[Core] Store only the keys for multi-modal data in P0 (#22198)

Signed-off-by: DarkLight1337 <tlleungac@connect.ust.hk>
2025-08-07 16:45:04 +08:00
parent 289b18e670
commit 766bc8162c
17 changed files with 325 additions and 234 deletions
--- a/vllm/v1/engine/processor.py
+++ b/vllm/v1/engine/processor.py
@@ -19,7 +19,7 @@ from vllm.pooling_params import PoolingParams
 from vllm.sampling_params import SamplingParams
 from vllm.transformers_utils.tokenizer_group import TokenizerGroup
 from vllm.v1.engine import EngineCoreRequest
-from vllm.v1.engine.mm_input_cache import MirroredProcessingCache
+from vllm.v1.engine.mm_input_cache import MultiModalInputCacheClient
 from vllm.v1.structured_output.backend_guidance import (
    validate_guidance_grammar)
 from vllm.v1.structured_output.backend_outlines import (
@@ -50,11 +50,8 @@ class Processor:
                                                    self.tokenizer,
                                                    mm_registry)
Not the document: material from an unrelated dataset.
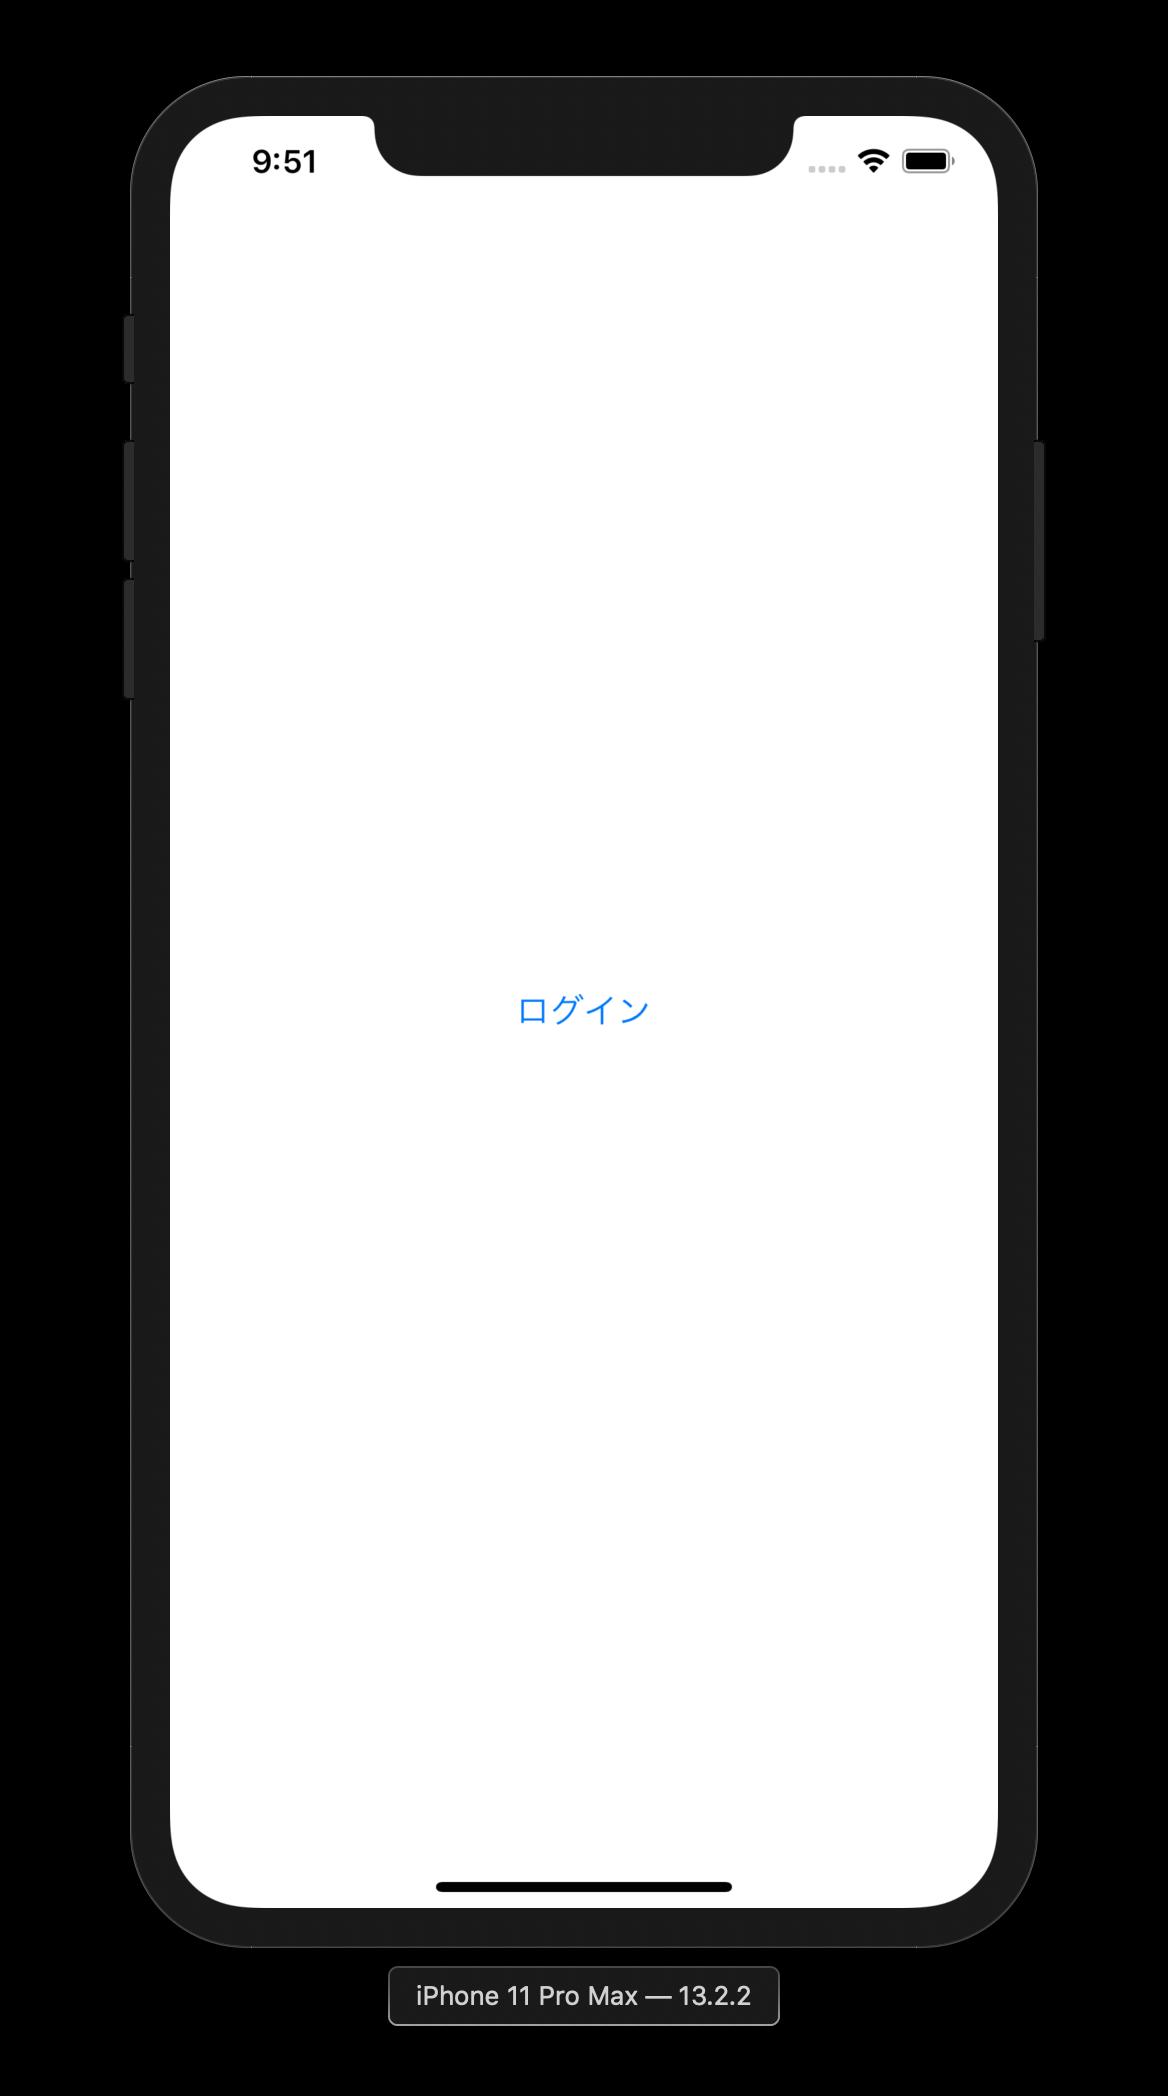 スクリーンショット 2019-12-08 9.51.50.png
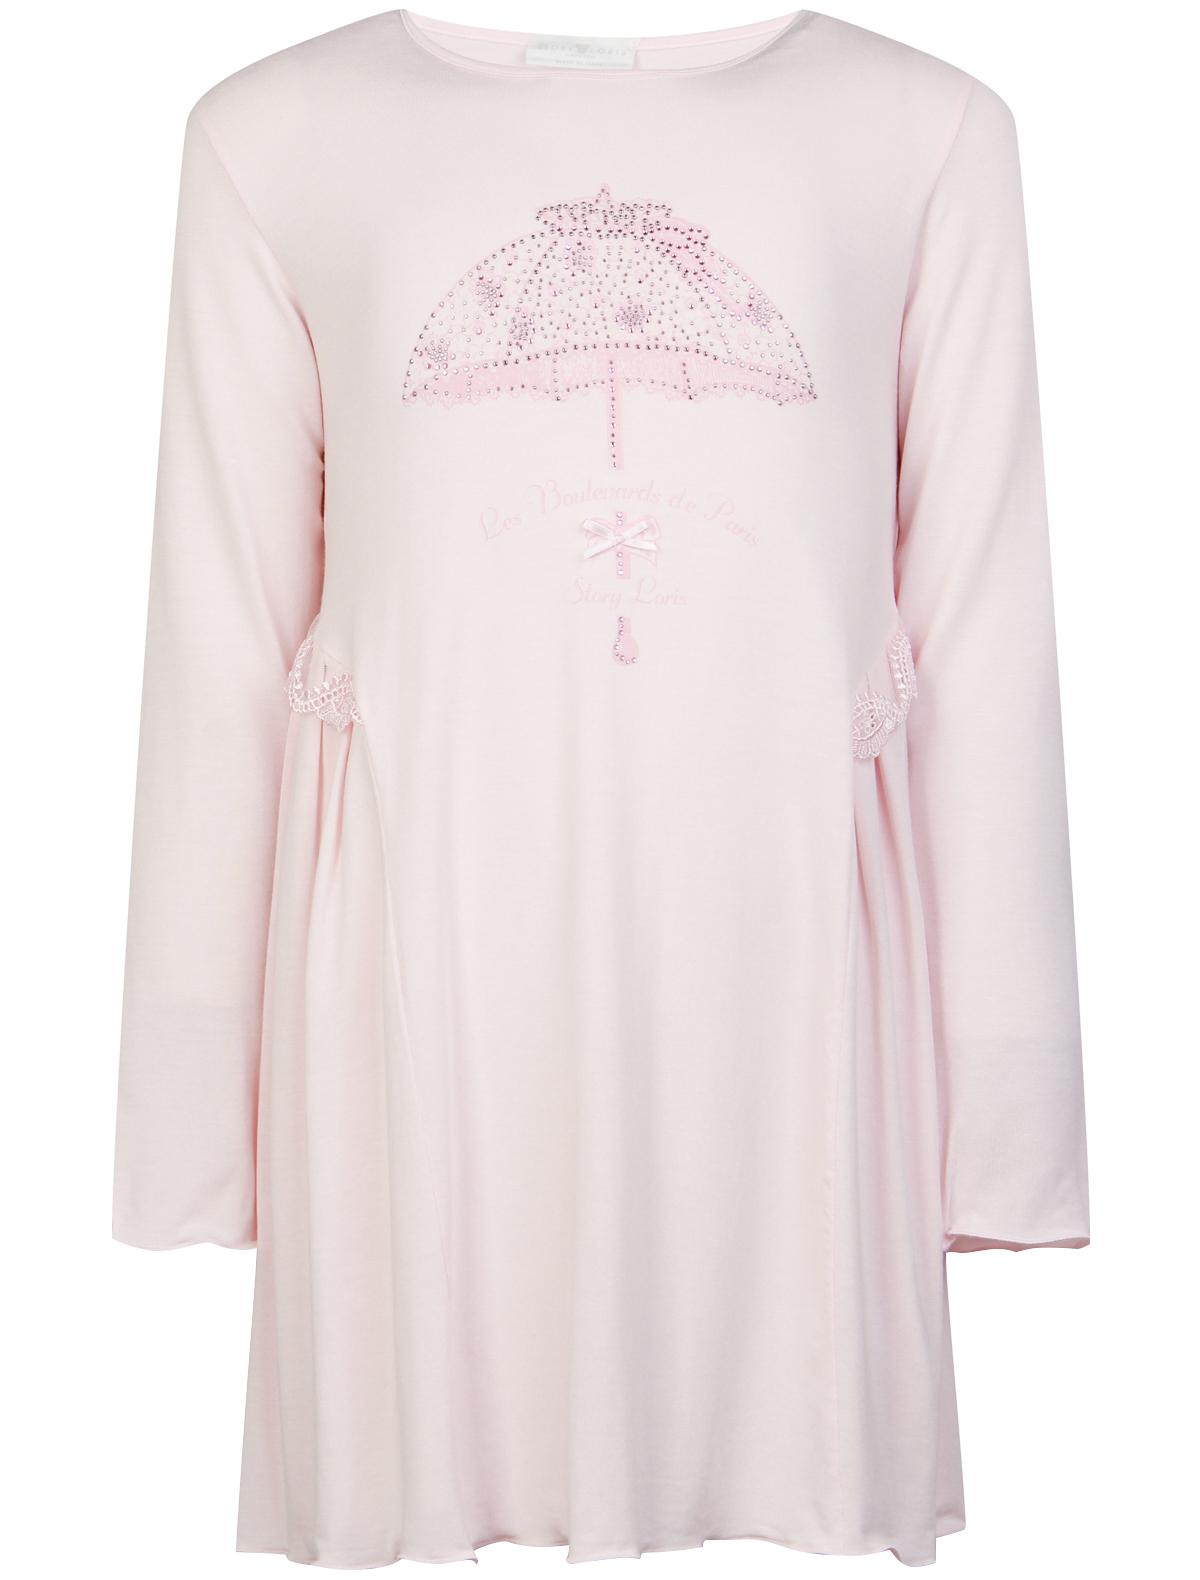 1929203, Ночная рубашка Story Loris, розовый, Женский, 3342609880032  - купить со скидкой

-        self.mm_input_cache_client = MirroredProcessingCache(self.model_config)
-
-        # Multi-modal hasher (for images)
-        self.use_hash = self.mm_input_cache_client.use_cache or \
-            self.cache_config.enable_prefix_caching
+        self.mm_input_cache_client = MultiModalInputCacheClient(
+            self.model_config)

    @property
    def mm_registry(self):
@@ -256,11 +253,13 @@ class Processor:
        # 1. Tokenize text prompt, with LoRA request if one exists.
        # 2. For multimodal models with a merged preprocessor, preprocess
        #   multimodal data and expand prompt token ids accordingly.
+        return_mm_hashes = (self.model_config.processor_return_mm_hashes
+                            or bool(self.cache_config.enable_prefix_caching))
        processed_inputs: ProcessorInputs = self.input_preprocessor.preprocess(
            prompt,
            tokenization_kwargs=tokenization_kwargs,
            lora_request=lora_request,
-            return_mm_hashes=self.use_hash,
+            return_mm_hashes=return_mm_hashes,
        )
        from vllm.platforms import current_platform
        current_platform.validate_request(
@@ -312,7 +311,7 @@ class Processor:
                sorted_mm_hashes,
            ) = merge_and_sort_multimodal_metadata(
                decoder_inputs["mm_placeholders"],
-                decoder_inputs["mm_hashes"] if self.use_hash else None,
+                decoder_inputs["mm_hashes"] if return_mm_hashes else None,
            )

            # The output of merged multi-modal processor (`decoder_mm_inputs`)
@@ -339,7 +338,7 @@ class Processor:
                ]

            if sorted_mm_hashes is not None:
-                sorted_mm_inputs = self.mm_input_cache_client.get_and_update_p0(
+                sorted_mm_inputs = self.mm_input_cache_client.get_and_update(
                    orig_sorted_mm_inputs, sorted_mm_hashes)
            else:
                sorted_mm_inputs = orig_sorted_mm_inputs